Supplied information
Content starts
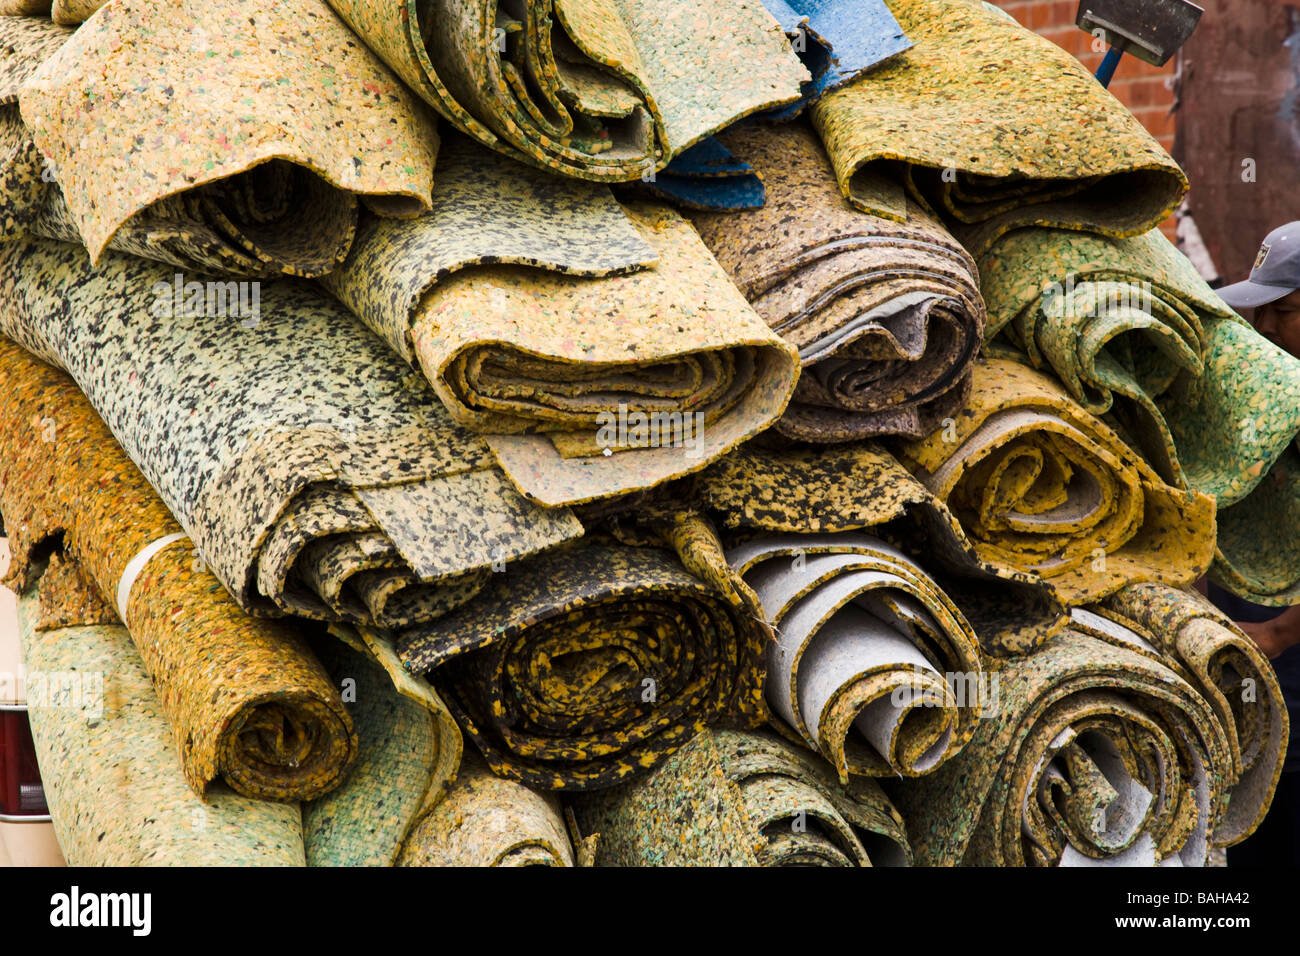 Carpet Padding - Stockton Recycles
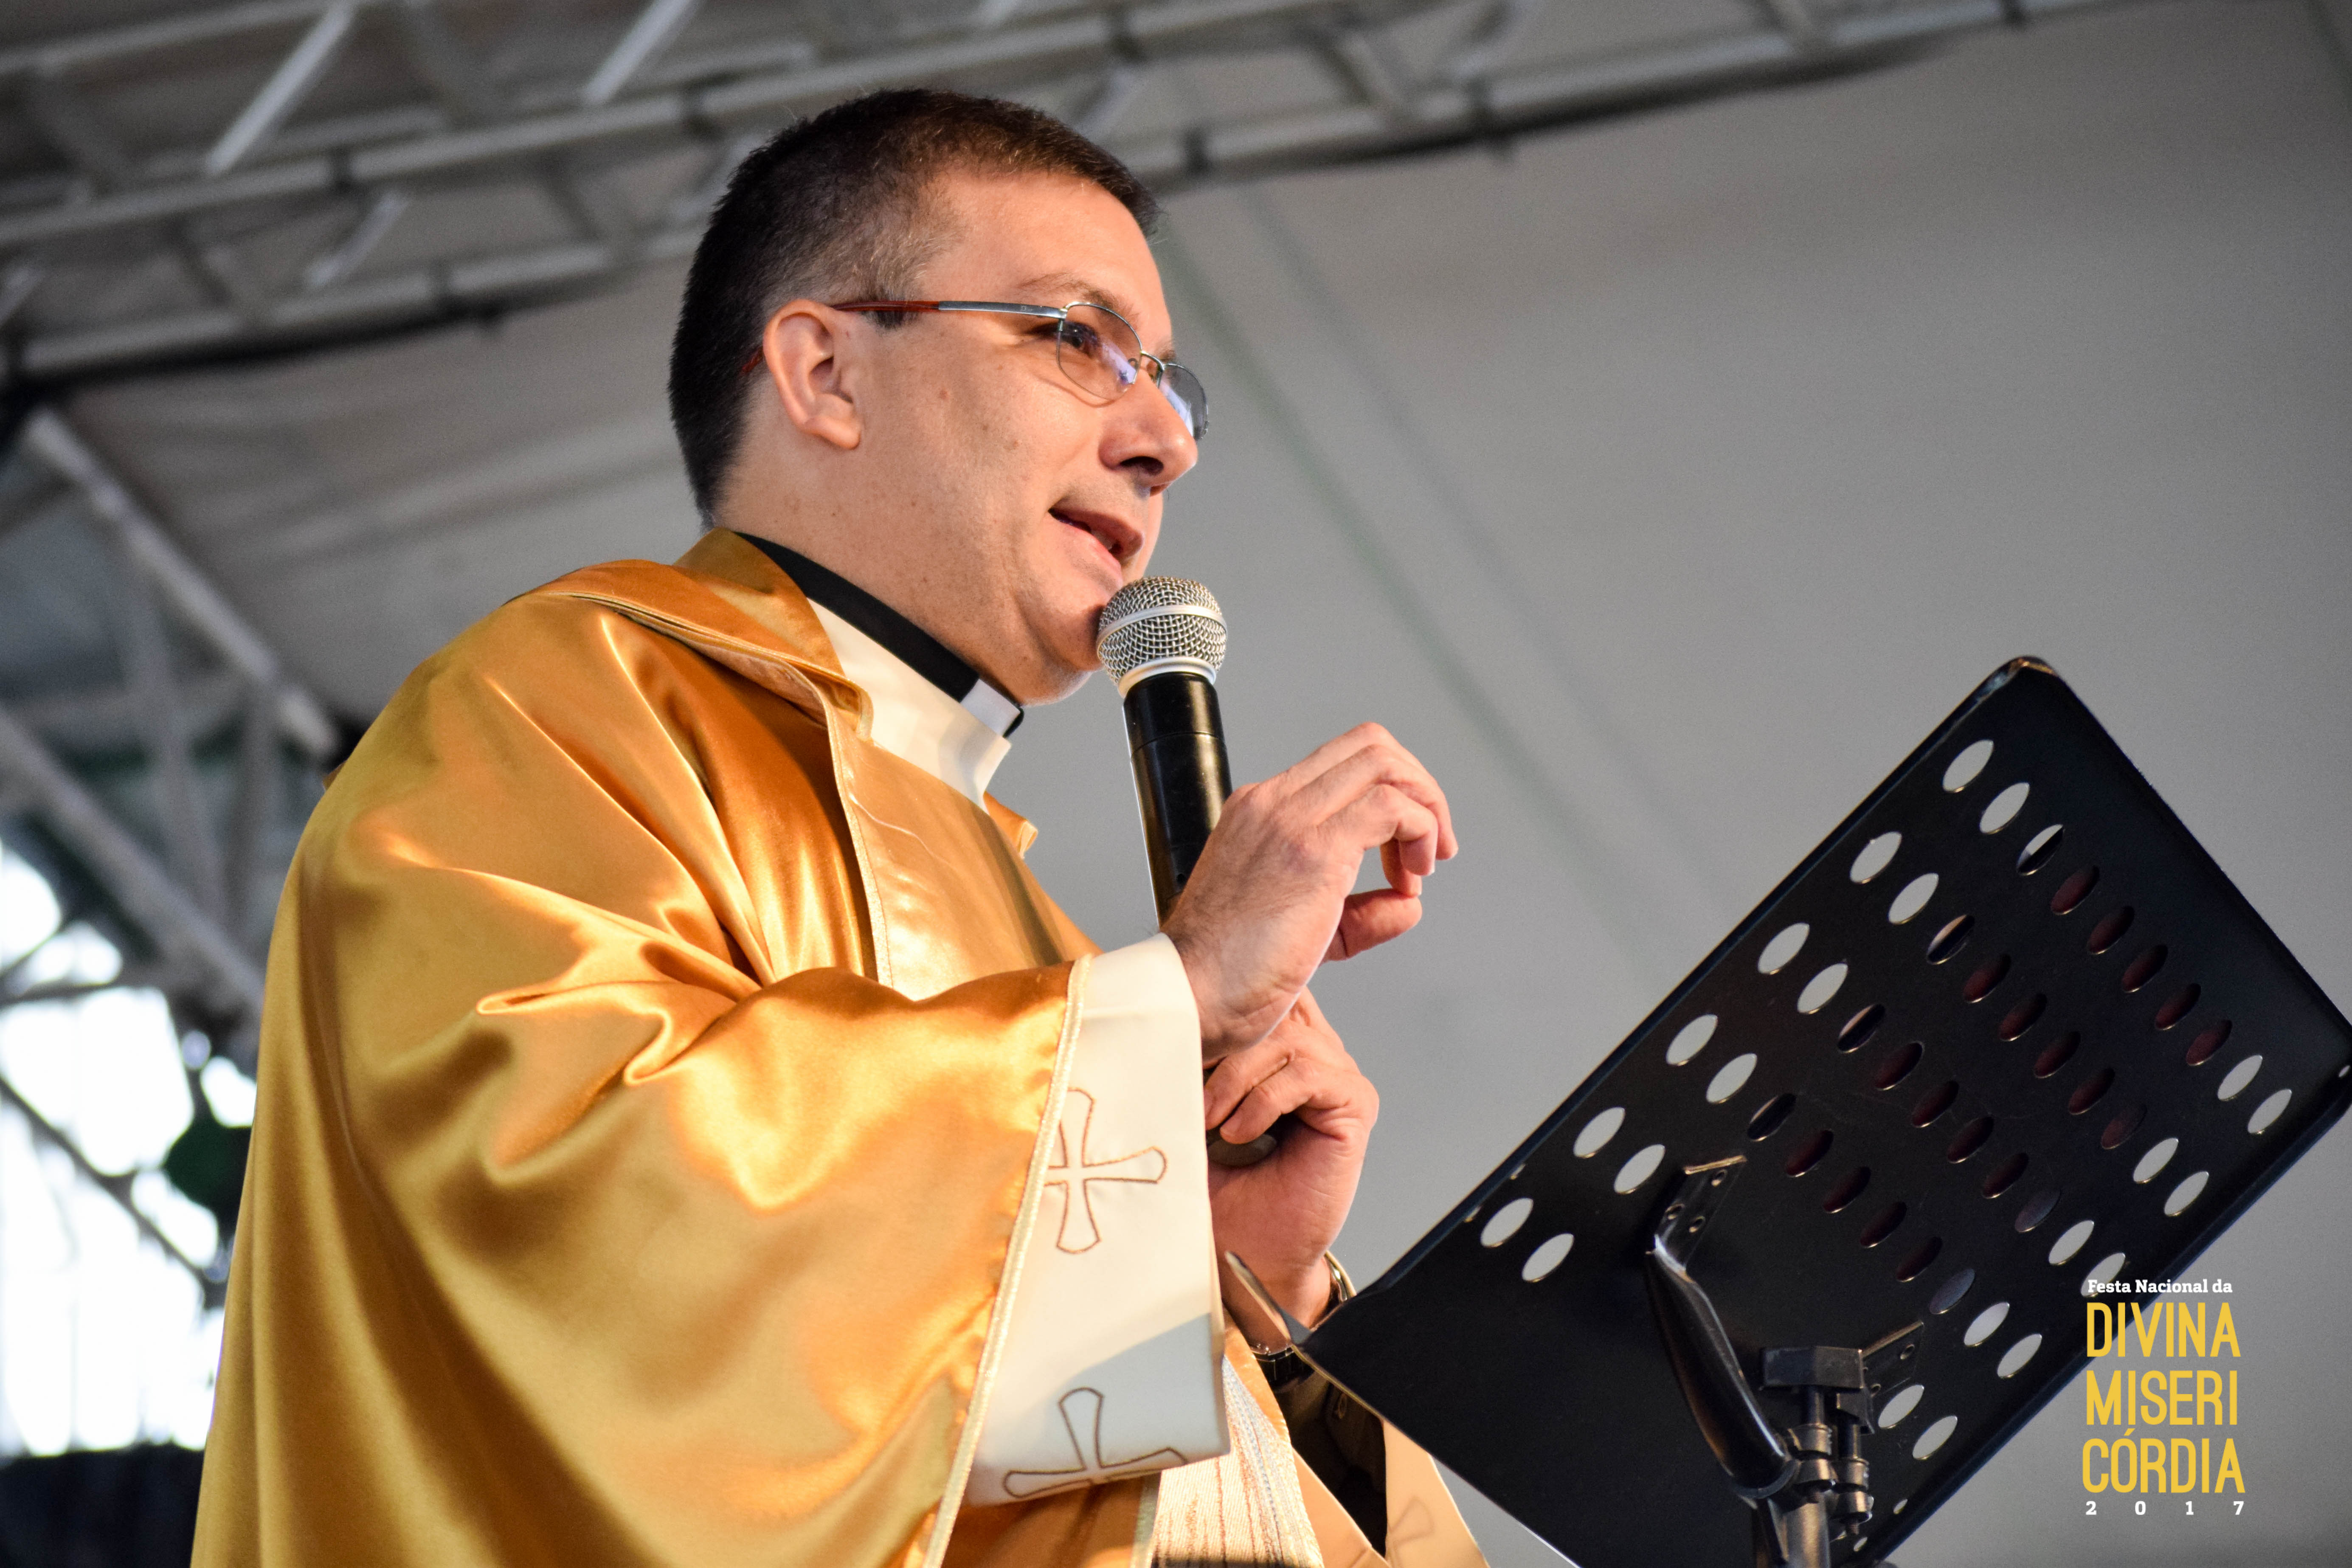 Padre Jair conduzirá a Novena à Divina Misericórdia
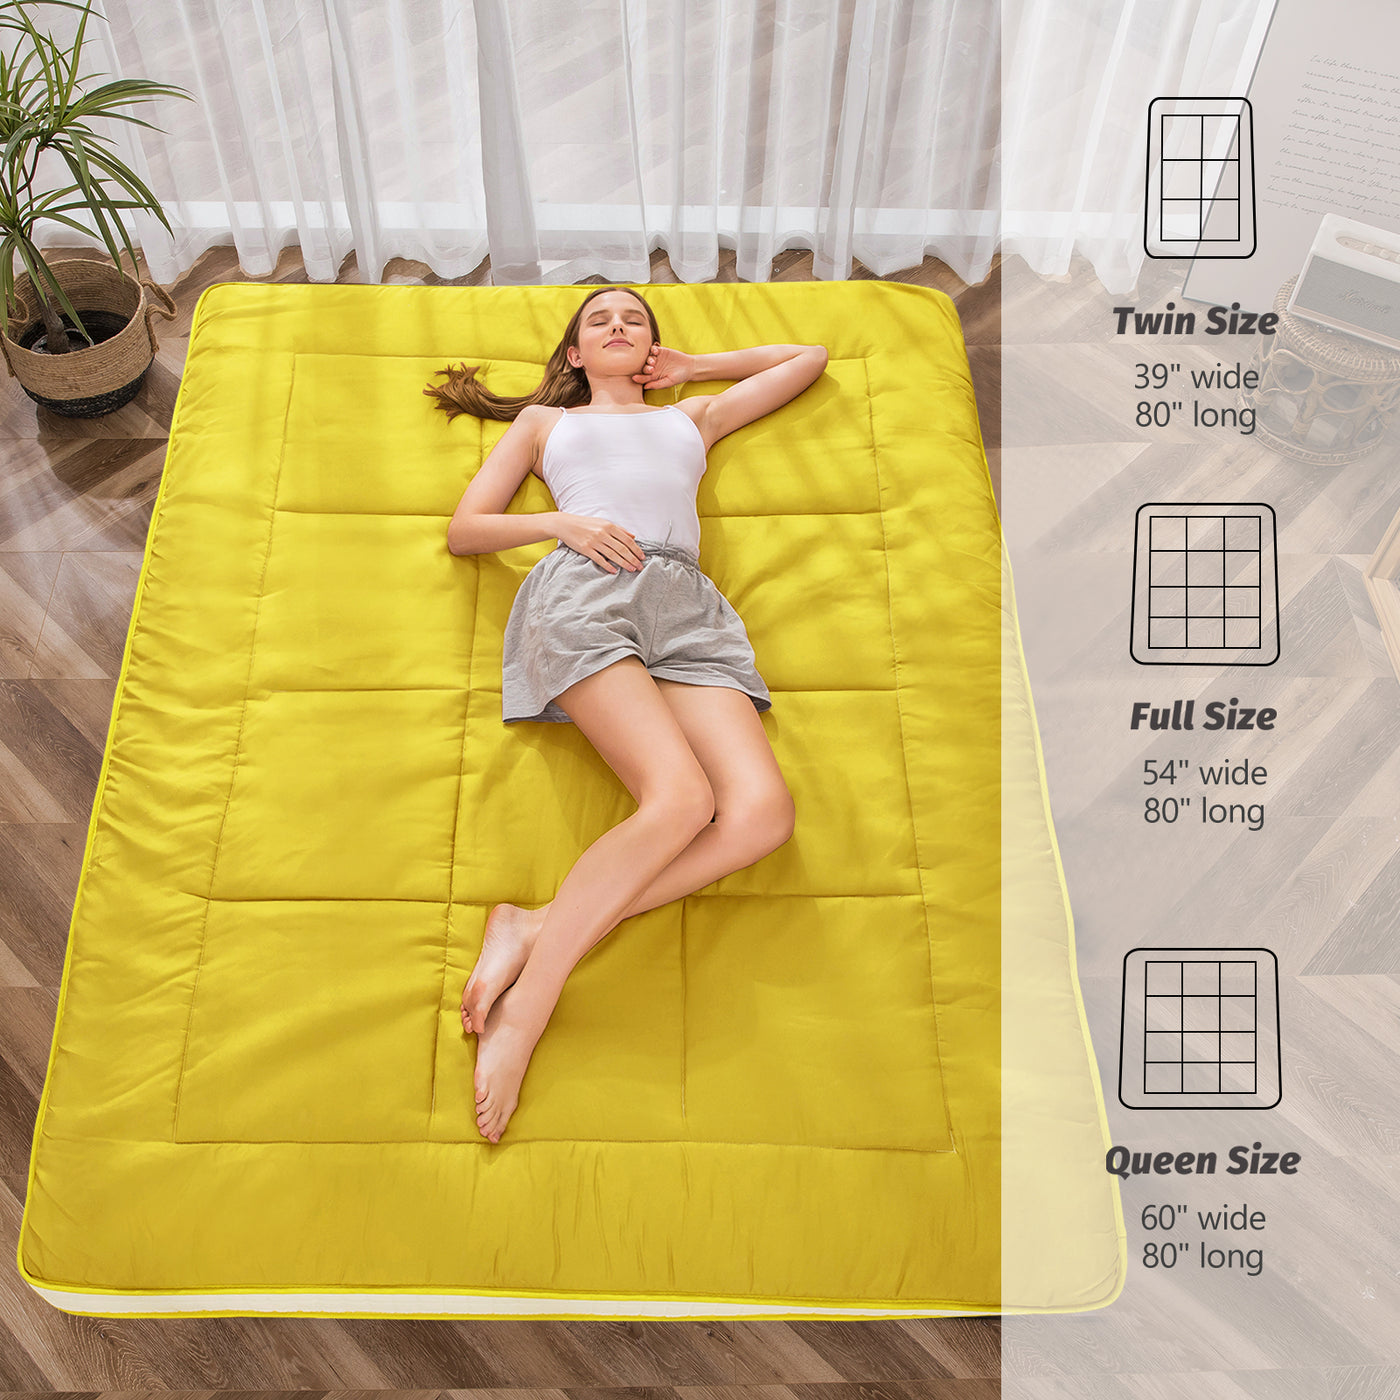 MAXYOYO Comfortable Square Futon Mattress Full Size, Bright Yellow
Content ends
Pictures aside, reproduce all of the data exactly.

 Carpet Padding - Stockton Recycles
 Padre Jair conduzirá a Novena à Divina Misericórdia
 MAXYOYO Comfortable Square Futon Mattress Full Size, Bright Yellow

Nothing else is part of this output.